Nasrallah’s speech was no doubt deeply disappointing for his supporters in Lebanon and the wider region, many of whom expected a more aggressive response by the alleged leader of the “resistance.” It was also disappointing for Hamas, which will probably feel less secure and more isolated now—and perhaps more inclined to negotiate and compromise.

Yet the speech’s most serious repercussions will be felt in the realm of Hezbollah’s legitimacy. Nasrallah essentially declared that he will not be involved in the battle to “free Palestine,” a goal that lies at the core of his resistance narrative. In doing so, he confirmed that Hezbollah’s mission has drastically shifted since the 2006 war—from “resisting” Israel to protecting its own (and, by extension, Iran’s) interests in the region. Without the legitimizing power of resistance rhetoric, the group’s regional (and, perhaps, domestic) support base may lose faith in both Hezbollah and Tehran.

Indeed, this predicament has bedeviled Hezbollah since 2006. Despite engaging in a month’s worth of calculated attacks along the border, the group’s military strength is becoming a weakness of sorts, since flexing its muscles more than it already has would increase the risk of a major Israeli response. Hezbollah has long used the threat of its increasingly advanced arsenal as a deterrent against Israel. But Nasrallah also knows that these same weapons—particularly its precision-guided missiles—would lose their main value if the group began launching them, since Hezbollah forces and assets would quickly be exposed to a devastating war. Yet by dashing regional expectations for a grand, effective, and united military response against Israel, Nasrallah may incur other costs. In short, the group is damned if it escalates and damned if it doesn’t.
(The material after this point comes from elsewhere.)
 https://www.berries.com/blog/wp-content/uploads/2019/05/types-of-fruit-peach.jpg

Nasrallah also briefly addressed what might happen when the Gaza war is over and Israel turns its full attention back to Lebanon and Hezbollah’s dangerous missiles. The deterrence strategy that was upheld for seventeen years is likely no longer valid now that Israel suffered such horrific casualties at the hands of another neighboring enemy on October 7. Even before the Gaza war, Hezbollah’s border escalation was seemingly changing Israel’s calculus; today, many countries have concluded that groups like Hamas and Hezbollah need to be contained before another October 7 happens. In addition, the United States has reestablished a very strong military presence in the region, and even if some of these deployments prove temporary, the Biden administration’s recent diplomatic activity in the Middle East indicates a longer-term determination to prevent escalation after the war.
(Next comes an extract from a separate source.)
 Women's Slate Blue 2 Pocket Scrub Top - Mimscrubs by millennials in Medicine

Nasrallah seems aware of these shifts and has signaled Hezbollah’s unwillingness to change the deterrence policy along the border: “The resistance’s operations in the South tell the enemy that if it carries out an aggression or thinks of waging a preemptive operation, it will be committing the biggest foolishness in its history.” While vague and couched as a warning against Israeli action, this remark essentially communicated that Hezbollah will not escalate unless Israel launches some kind of unexpected, large-scale campaign across the northern border.

Despite Nasrallah’s rhetorical caution, however, the fact remains that more and more military clashes are occurring on Lebanon’s border daily, so the risks of miscalculation are rising as well. Whether he likes it or not, he may eventually find himself having to make a very different speech in the midst of unintended escalation with Israel. Alternatively, Hezbollah may one day improve its financial situation and boost its military apparatus to the point where it is truly ready to face Israel in a full-scale conflict.

Either way, the United States and its partners must continue signaling Hezbollah and Iran that they are willing to strike back if the group miscalculates its current level of attacks or changes its tactics. They should also start formulating a new Iran policy—one that addresses all of Iran’s militias and destabilizing activities in the region. Otherwise, they risk leaving themselves vulnerable to a repeat of October 7 on another frontier.